At the personal level, artistic aspirations are aimed at spiritual growth. How does art become relevant for social growth?

Art follows philosophy. It transports you to a different, higher world. But it also gives a message. The stories show how to live in relation to society. Most mythological tales aim towards purification of the human mind. Ashtapadi is full of devotional aspect. There is a message for the Lokbhakta. In Bhama Kalpam, Rukmani provides a broader outlook of life to Satyabhama, who was very proud of money and beauty. Krishna says that unless you are out of pride and ego, you are not worthy of love. Mahabharata relates more to modern life. The consequences of breeding greed are seen everywhere around in today’s world. These stories teach how important it is to correct oneself, how important it is to surrender to divinity. Fine arts purify the self.

How do you strike a balance between the pure art form and the popular stance of art?

I can’t change the steps I learnt from my guru, but how to use those steps can be important. The training in choreography helped me a lot in this regard. Maya Rao taught us how to make use of the stage. The entrance, the exit, the beginning and the climax are significant in today’s concept of dance.

What have you done to popularise this dance form in northern India?

After our successful tour of France for Avignon Festival we decided to stay back in Delhi to popularise our art in the northern region. Before us, only Indrani Rehman and Yamini Krishnamurti used to do a few pieces in Kuchipudi along with Bharatnatyam. To promote and popularise this dance form we conducted lecture-demonstrations, produced many dance dramas and we continue to teach many students at home. After retirement we plan to start an institution on the line of guru shishya parampara. Many students from the U.S.A. and other countries are very keen to come here and learn dance.

Do you think the government can do more to preserve our heritage?

Yes. Arranging festivals of India is good but I think it would be better if the government could invite the best people from all art forms and work out a programme for promotion of art.

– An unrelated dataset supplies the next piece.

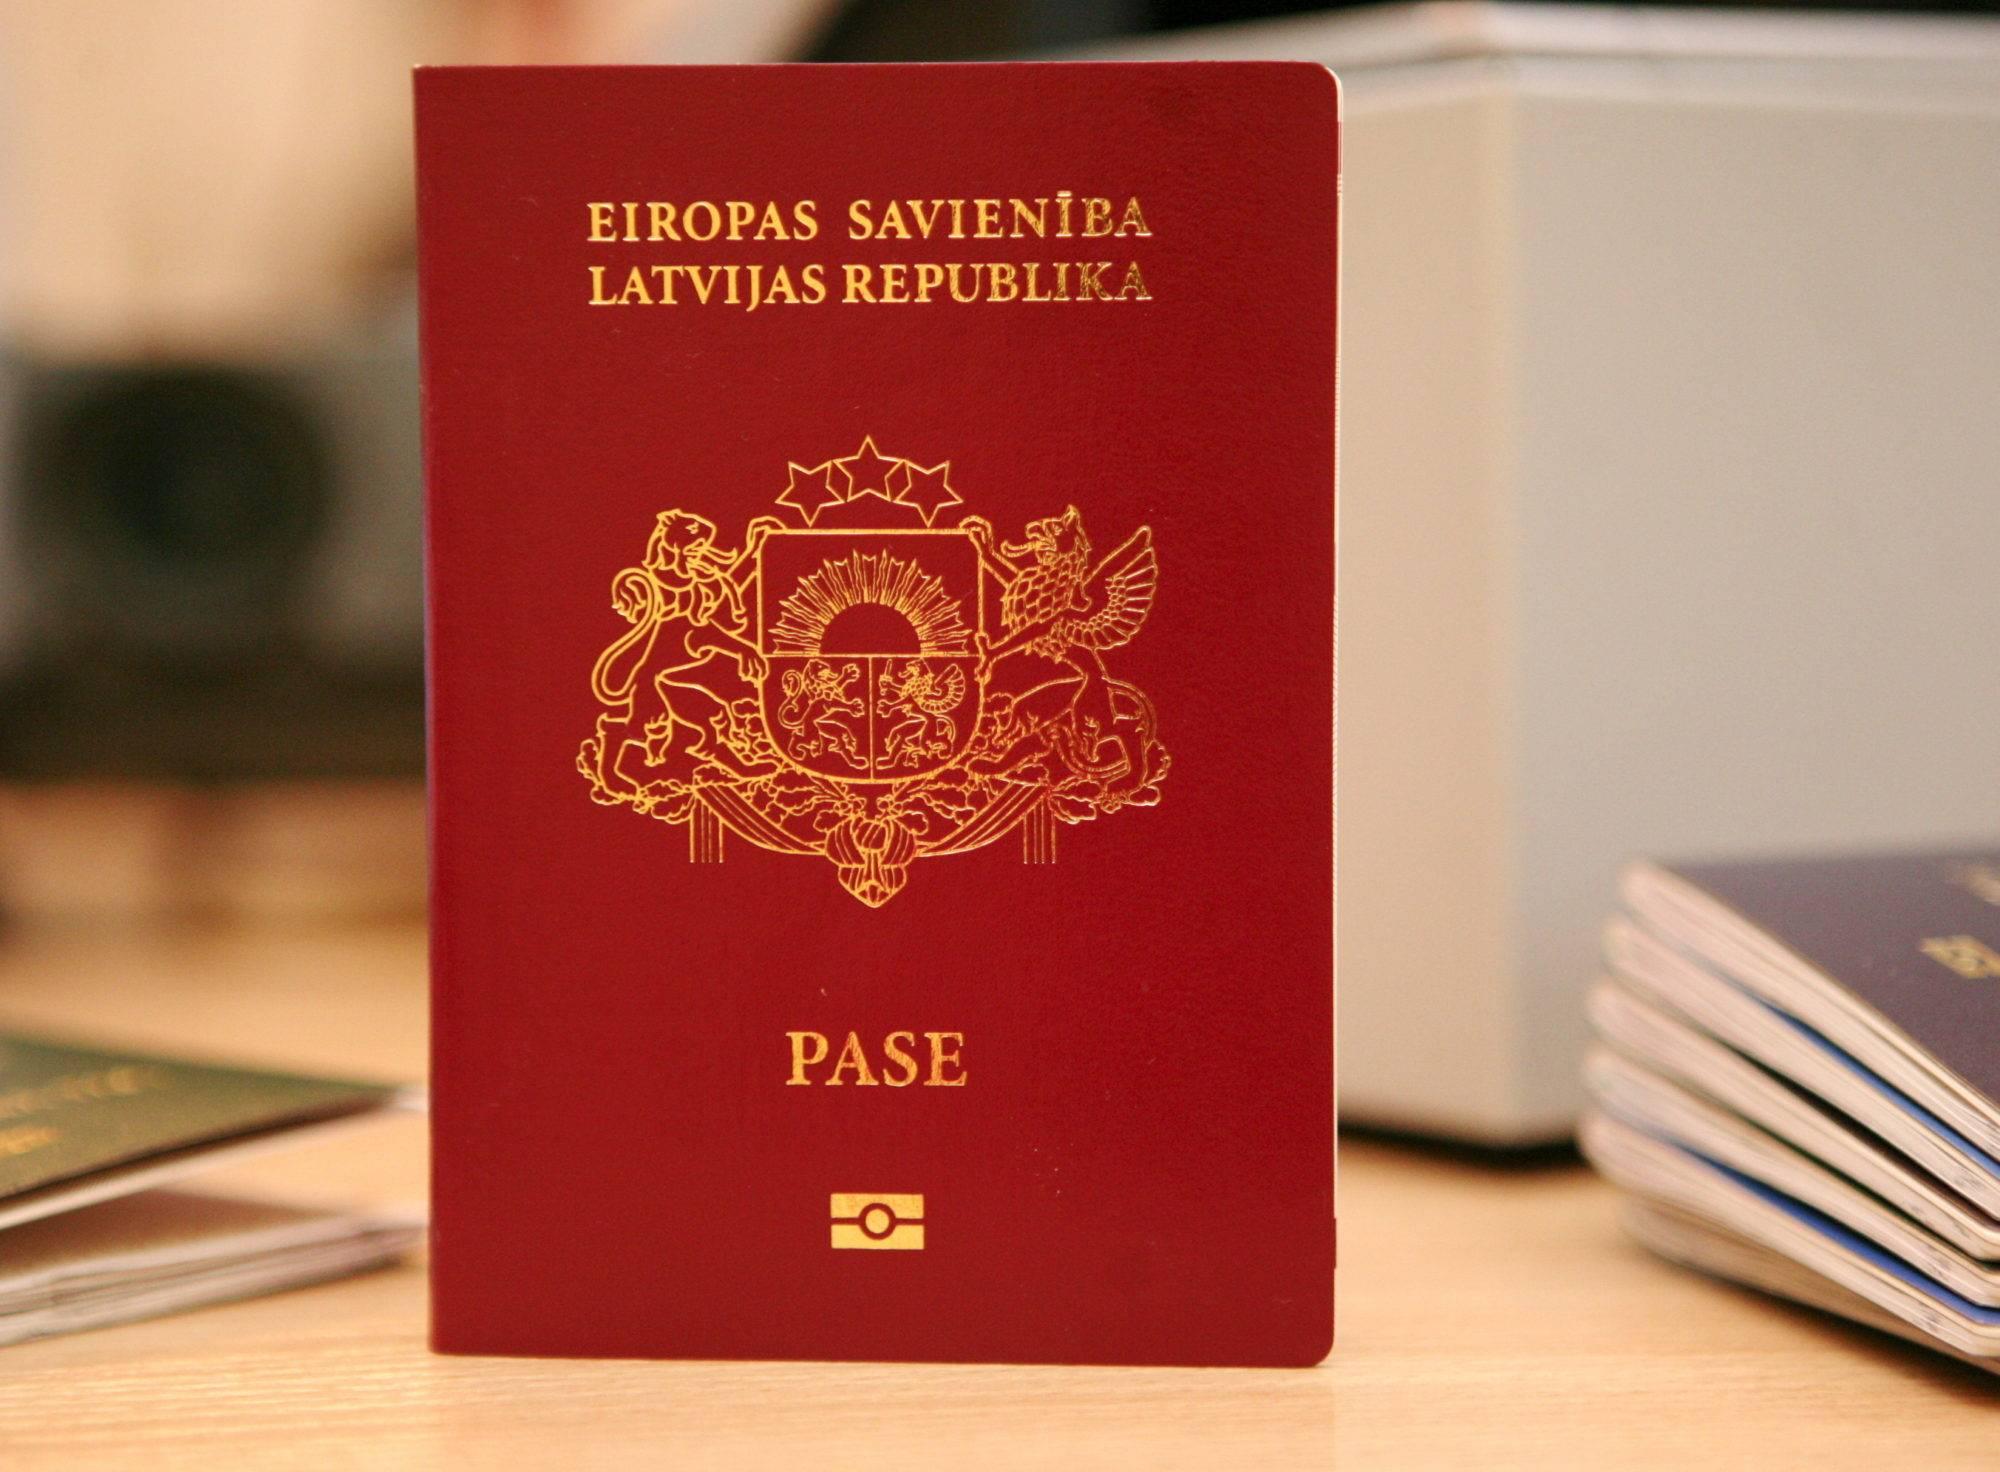 Граждане под вопросом: зачем президент латвии предложил выдать паспорта детям русскоязычных жителей — рт на русском

Abroad, people know India only for its art and culture. We have our distinct identity only on the strength of our classical arts. The ICCR should see that traditional arts should not die, security should be offered to the artiste. In the South, there is so much to be preserved but good things are dying. My guru’s sons are bus conductors and others are doing such odd jobs. With traditional means of livelihood disappearing, how can they sustain art?

Despite having a dance companion like Radha, why did you feel the need to marry again? And that, too, to Radha’s sister?

Radha is from a village. When we came here she used to feel very lonely. So she got her sister from the village when Kaushalya was only four. Since then she has been with us. In 1979, the Indian Council for Cultural Relations asked us to tour South East Asia. Our preparations were on when at the 11th hour our natvanar backed out, saying he was accompanying some other dancer to Europe. We were in a fix. Kaushalya was around 13-14 then. We decided to give her a try. She did well, and after a few performances she became a master natvanar. She decided to devote her life only to dance. Nobody could dissuade her. There was not much resistance. Radha’s grandfather also had two wives. It is quite common there.